Your answer must be the listing repeated word for word, without its pictures.

Segment Start: Dataset extract

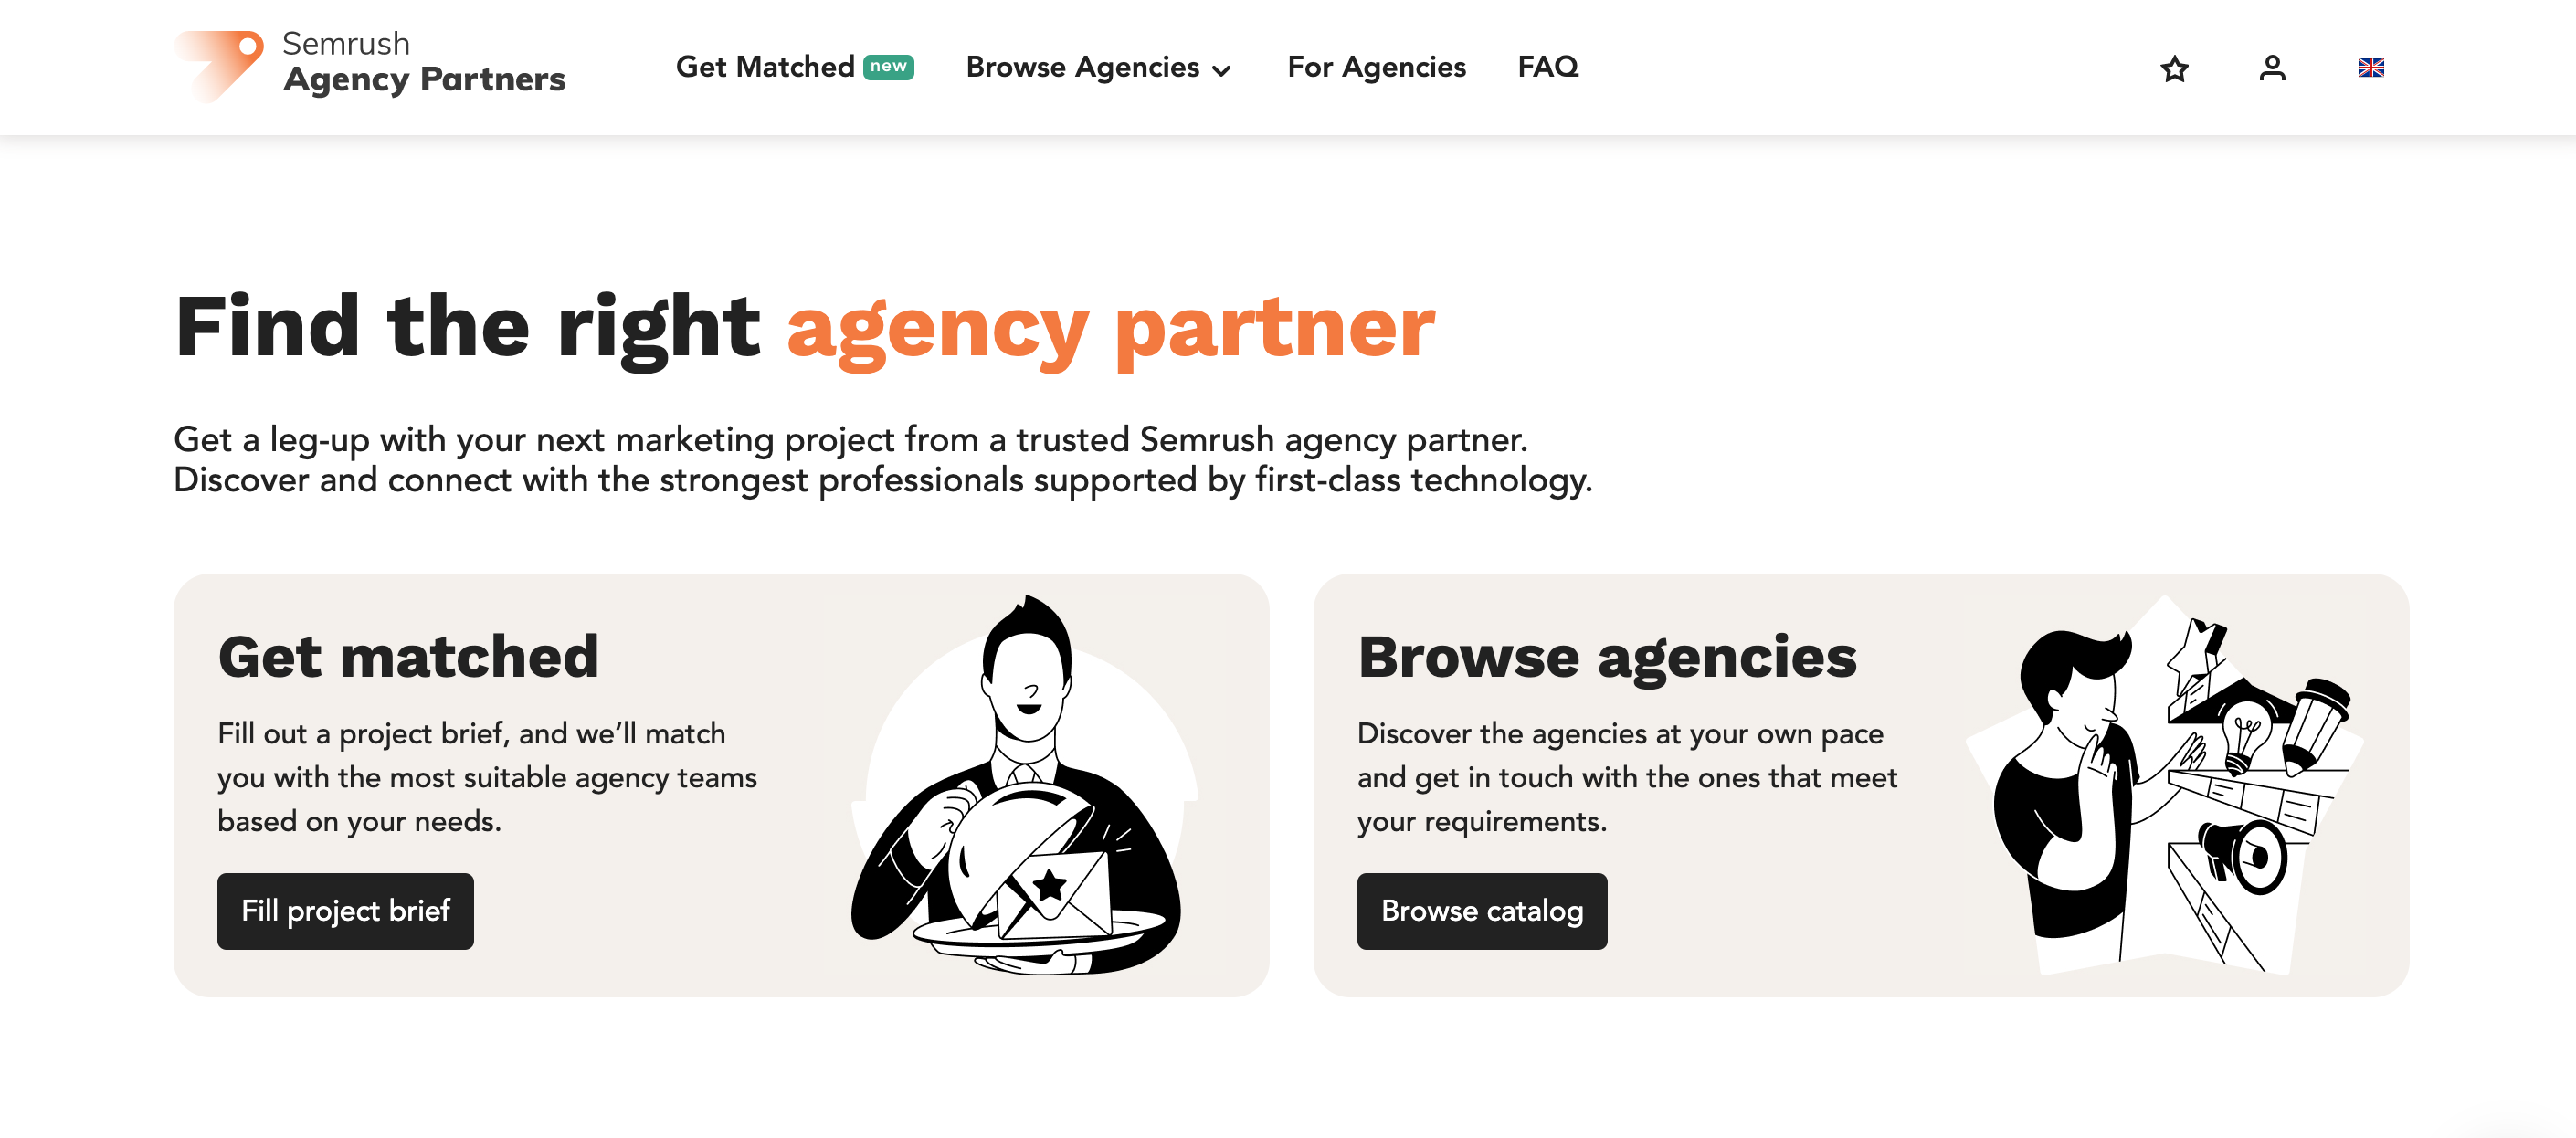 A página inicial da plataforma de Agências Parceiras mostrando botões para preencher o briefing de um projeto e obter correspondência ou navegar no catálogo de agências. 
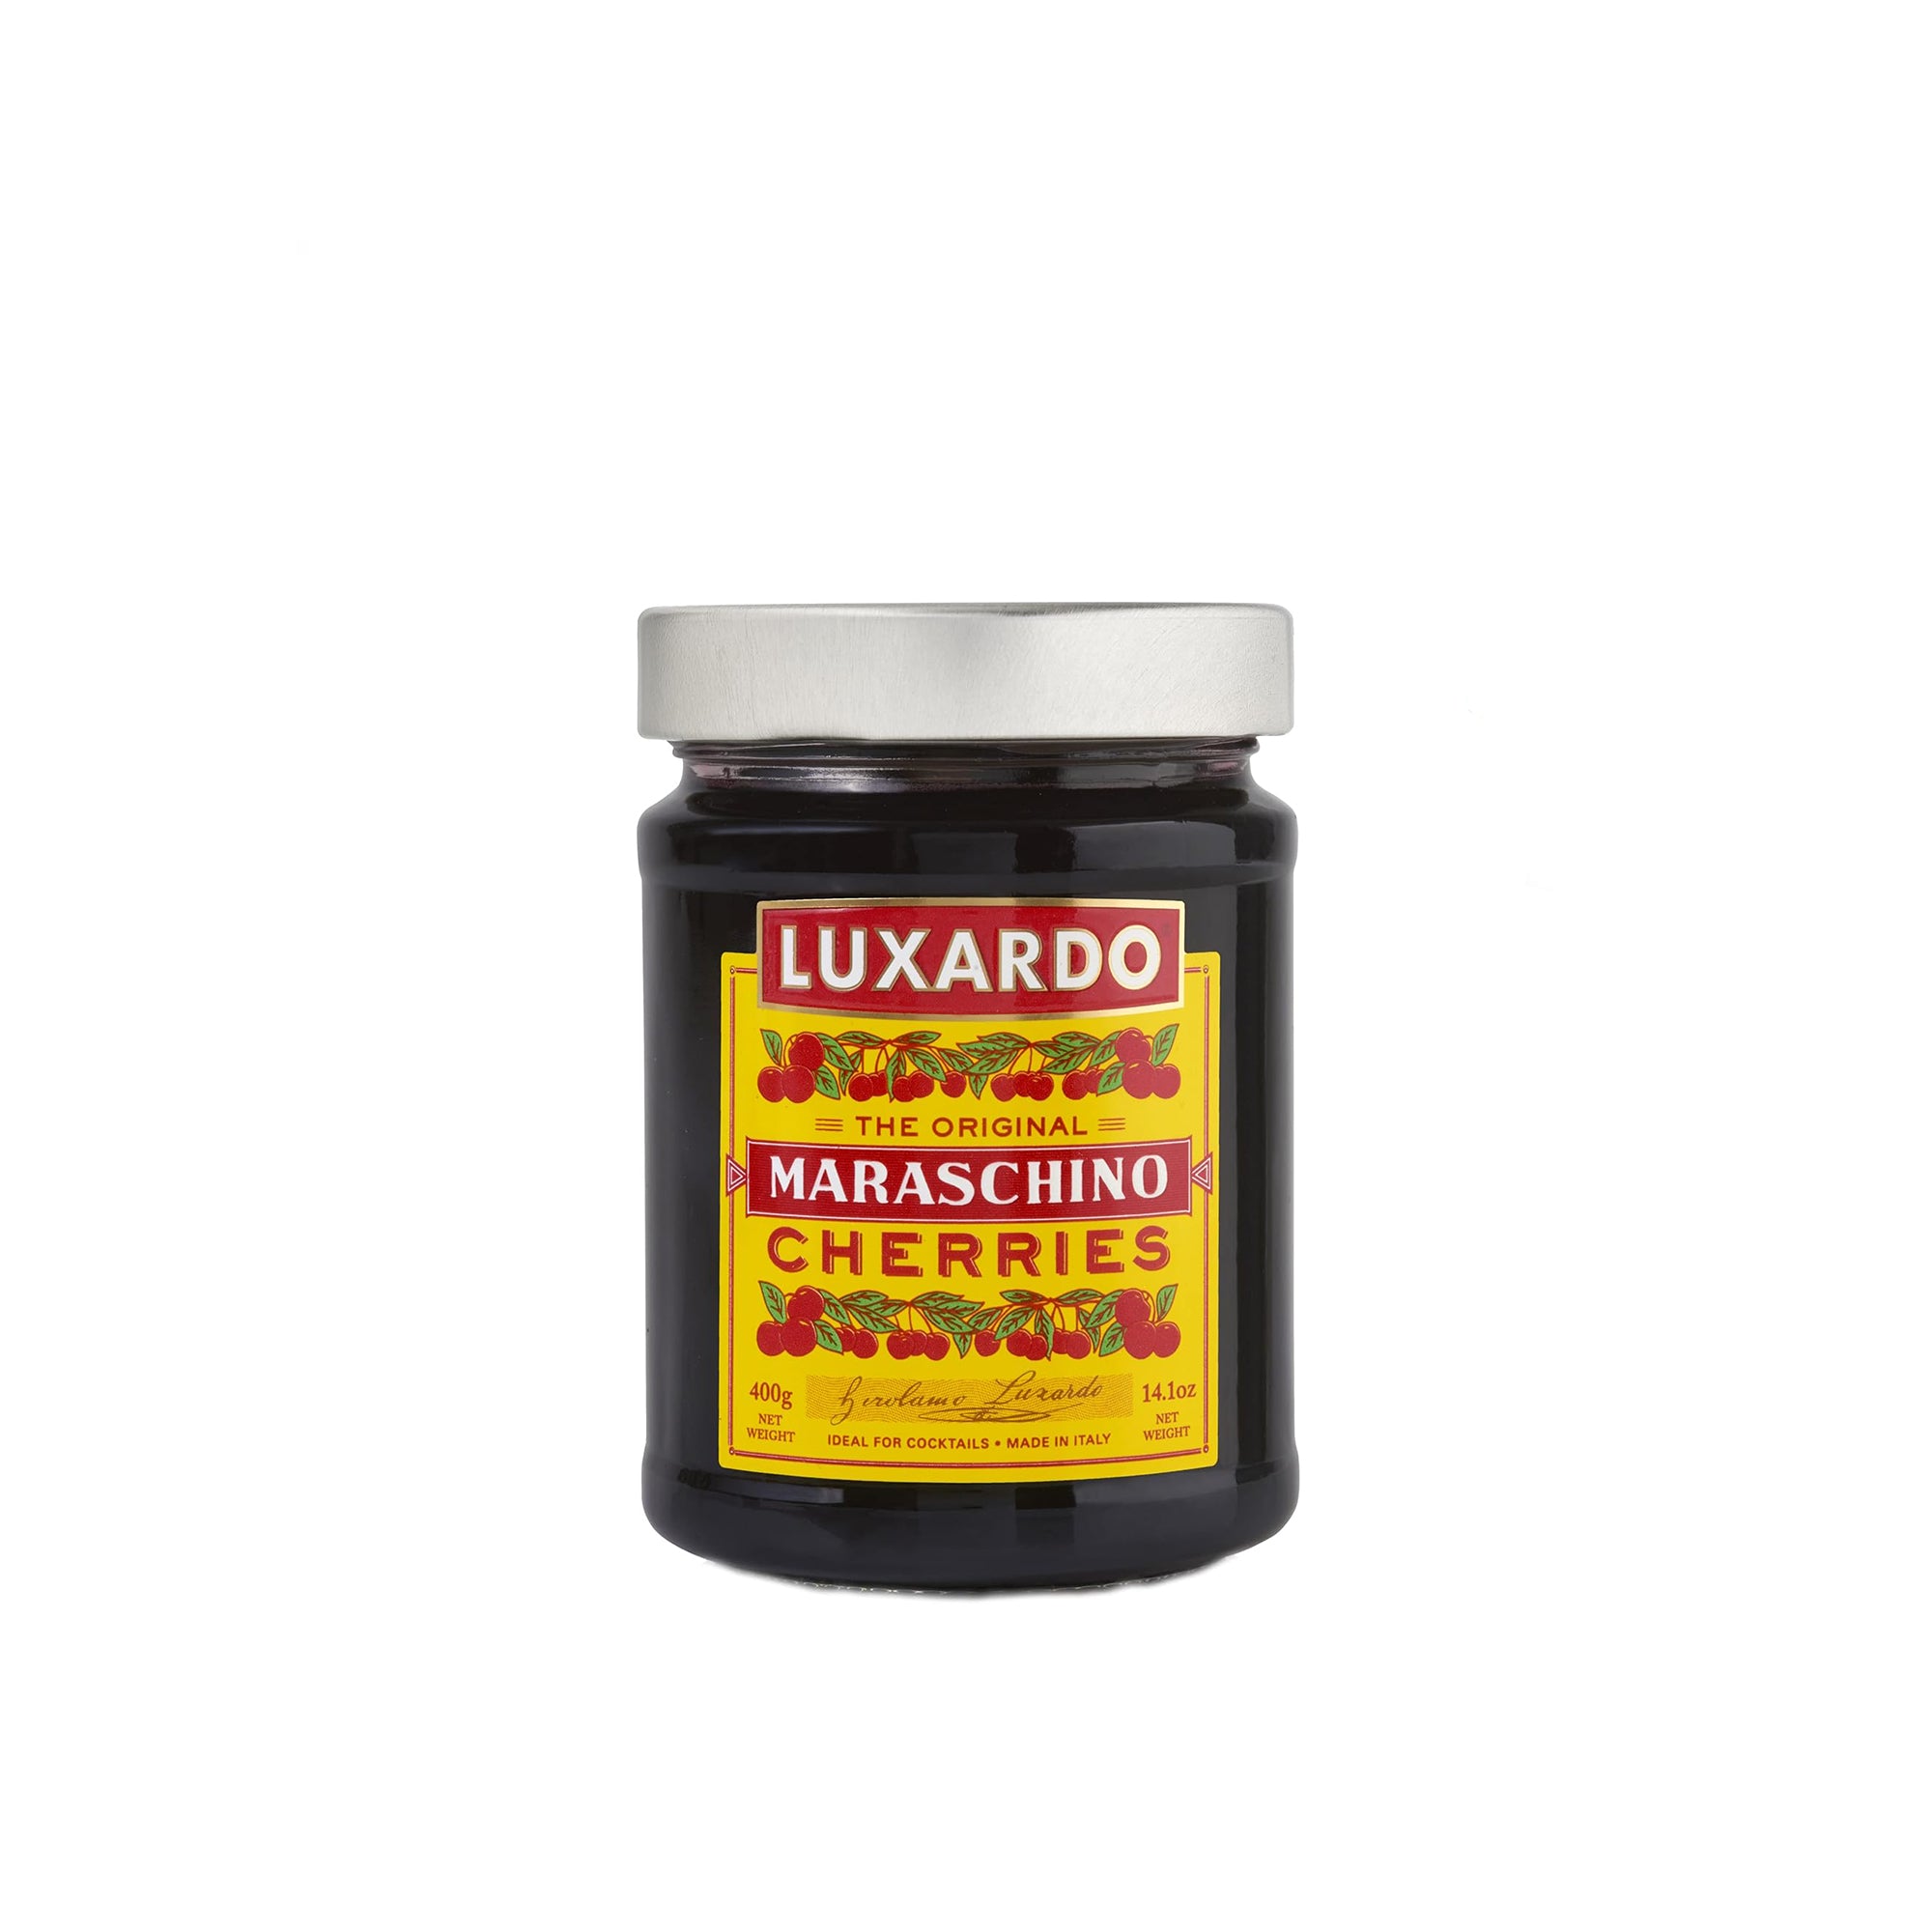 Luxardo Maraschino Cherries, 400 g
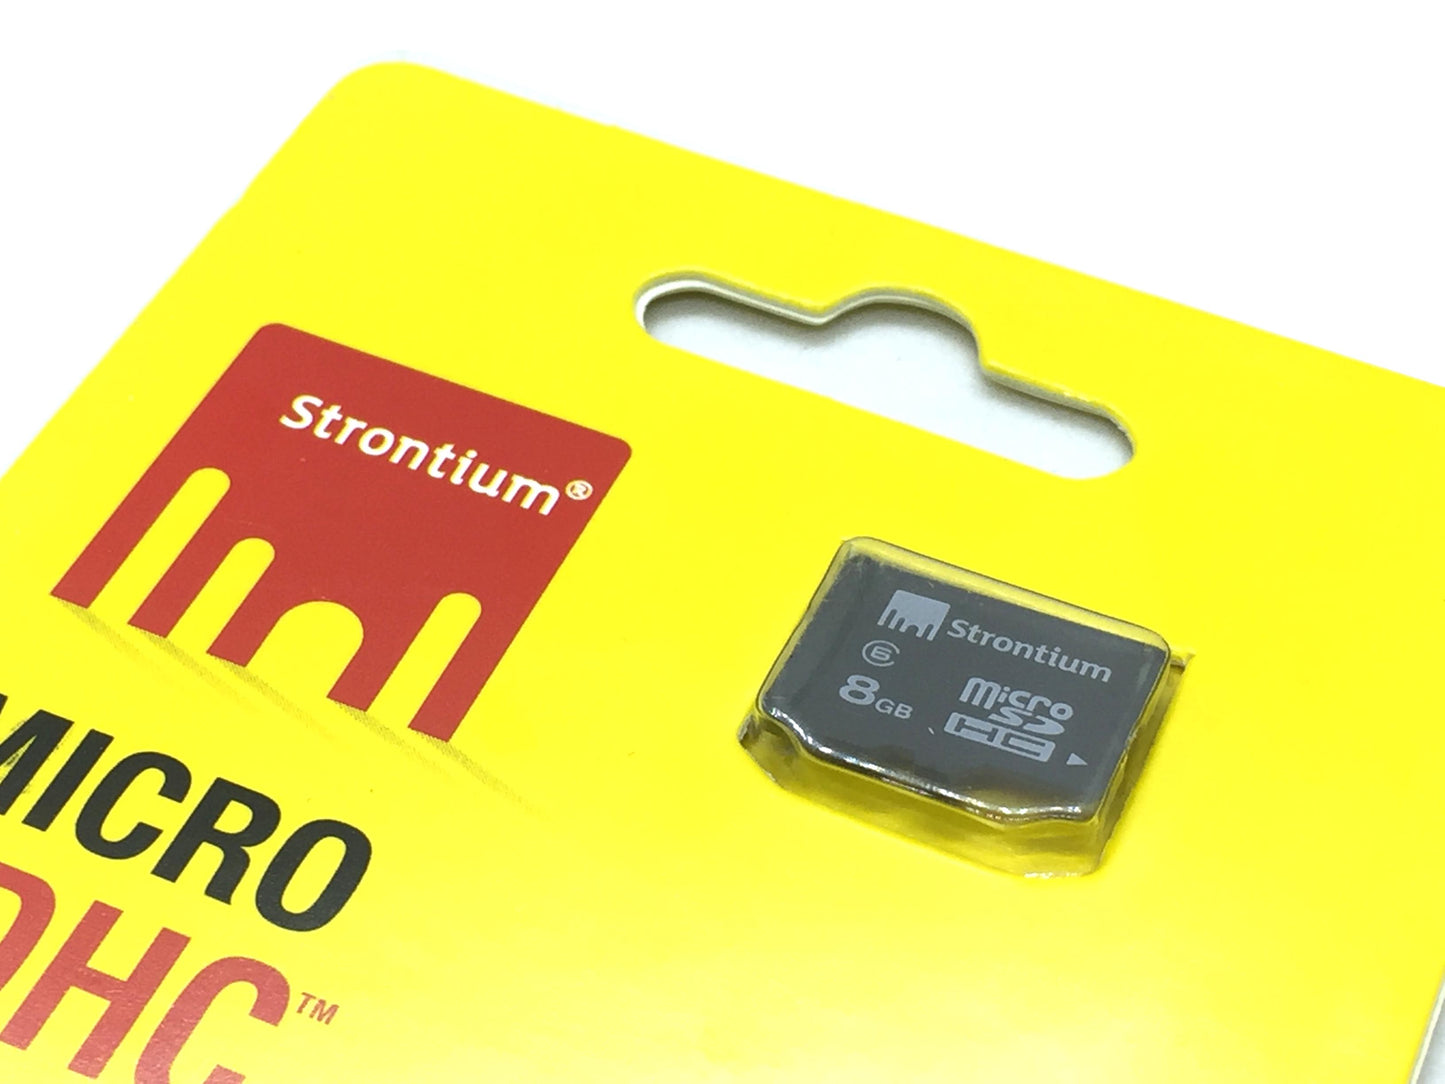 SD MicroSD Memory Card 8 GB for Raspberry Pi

Segment End: Dataset extract

◆ **Task solution**
 A página inicial da plataforma de Agências Parceiras mostrando botões para preencher o briefing de um projeto e obter correspondência ou navegar no catálogo de agências. 
 Luxardo Maraschino Cherries, 400 g
 SD MicroSD Memory Card 8 GB for Raspberry Pi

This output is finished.